The World Health Organization has bowed to calls Monday from most of its member states to conduct a “comprehensive evaluation” probe into how it managed the international response to the coronavirus.
The “comprehensive evaluation,” sought by a coalition of African, European, and other countries, is intended to review “lessons learned” from WHO’s coordination of the global response to COVID-19 but would stop short of looking into contentious issues such as the origins of the new coronavirus.
Recall that there has been finger-pointing between the U.S. and China over a pandemic that has killed over 300,000 people and leveled the global economy.
President Donald Trump has claimed he has proof suggesting the coronavirus originated in a lab in China while repeatedly attacking WHO, claiming that it helped China conceal the extent of the coronavirus pandemic in its early stages. Several Republican lawmakers have also called on WHO Director-General Tedros Adhanom Ghebreyesus to resign.
Trump ordered a temporary suspension of funding for WHO from the United States — the health agency’s biggest single donor — pending a review of its early response. The advisory body, echoing comments from many countries, said such a review during the “heat of the response” could hurt WHO’s ability to respond to it.
Tedros has now said he would launch an independent evaluation of WHO’s response “at the earliest appropriate moment” — alluding to findings published Monday in the first report by an oversight advisory body commissioned to look into WHO’s response.
The 11-page report raised questions such as whether WHO’s warning system for alerting the world to outbreaks is adequate, and suggested member states might need to “reassess” WHO’s role in providing travel advice to countries.
In his opening remarks at the WHO meeting, Tedros held firm and sought to focus on the bigger troubles posed by the outbreak, saying “we have been humbled by this very small microbe.”
“The pandemic has brought out the best and worst of humanity. This contagion exposes the fault lines, inequalities, injustices, and contradictions of our modern world. It has highlighted our strengths and our vulnerabilities. Science has been hailed and scorned. Nations have come together as never before.

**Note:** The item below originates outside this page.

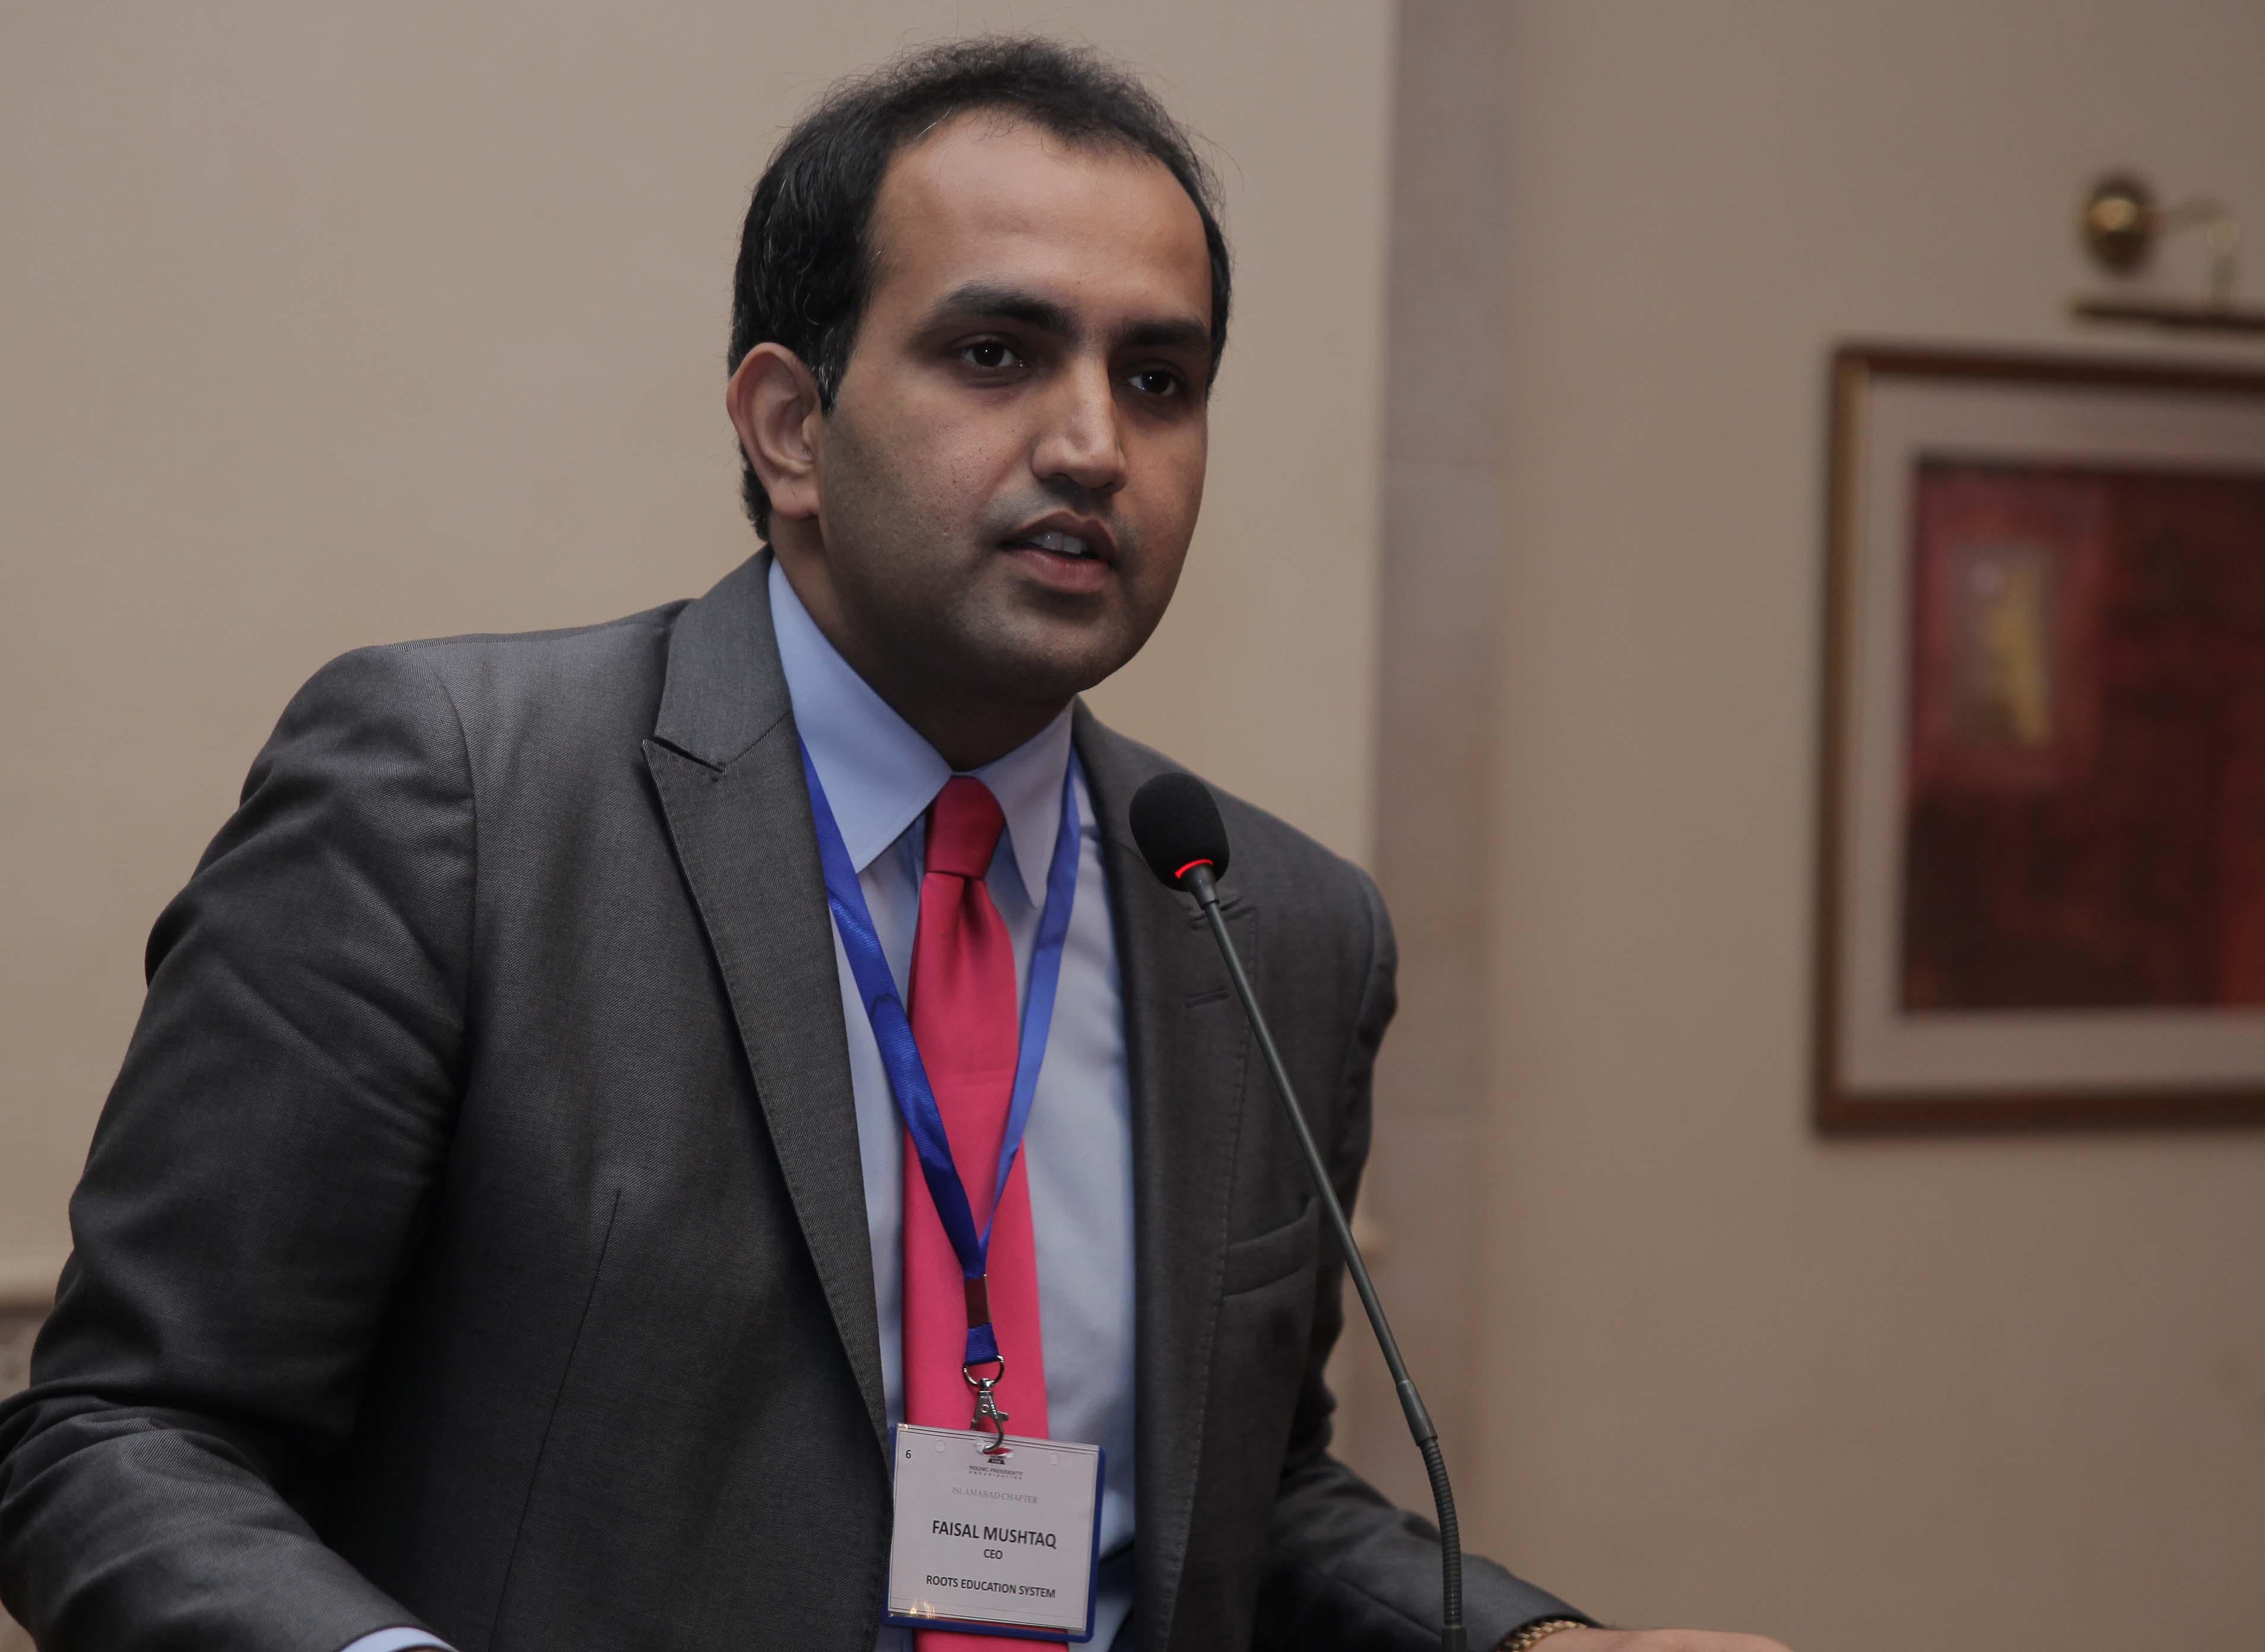 Faisal Mushtaq - Wikipedia

And geopolitical divisions have been thrown into sharp relief” he added.
U.S. Health and Human Services Secretary Alex Azar said it was time to be frank about why COVID-19 has “spun out of control.”
“There was a failure by this organization to obtain the information that the world needed and that failure cost many lives,” Azar said.
Speaking hours after Chinese President Xi Jinping announced China would provide $2 billion to help respond to the outbreak and its economic fallout, Azar said the U.S. had allocated $9 billion to coronavirus containment efforts around the world.
China, meanwhile, sought to divert attention to its renewed efforts to slow the coronavirus pandemic, with Xi announcing the $2 billion outlay over two years to fight it. Last year, China donated about $86 million to WHO.
Xi insisted that China had acted with “openness, transparency and responsibility” when the epidemic was detected in Wuhan. He said China had give all relevant outbreak data to WHO and other countries, including the virus’s genetic sequence, “in a most timely fashion.”
Xi said China had done “everything in our power to support and assist countries in need,” but acknowledged more needed to be done. He said that in recent weeks, China has dispatched medical supplies to more than 50 African countries and that 46 Chinese medical teams were currently on the continent helping local officials.
Other world leaders including the presidents of France, South Korea and South Africa and Germany’s chancellor were also piped in to throw their support to the WHO, which has been put on the defensive from a Trump administration that has blamed it for mishandling the outbreak and showering excessive praise on China’s response. The European Union and others staked out a middle ground.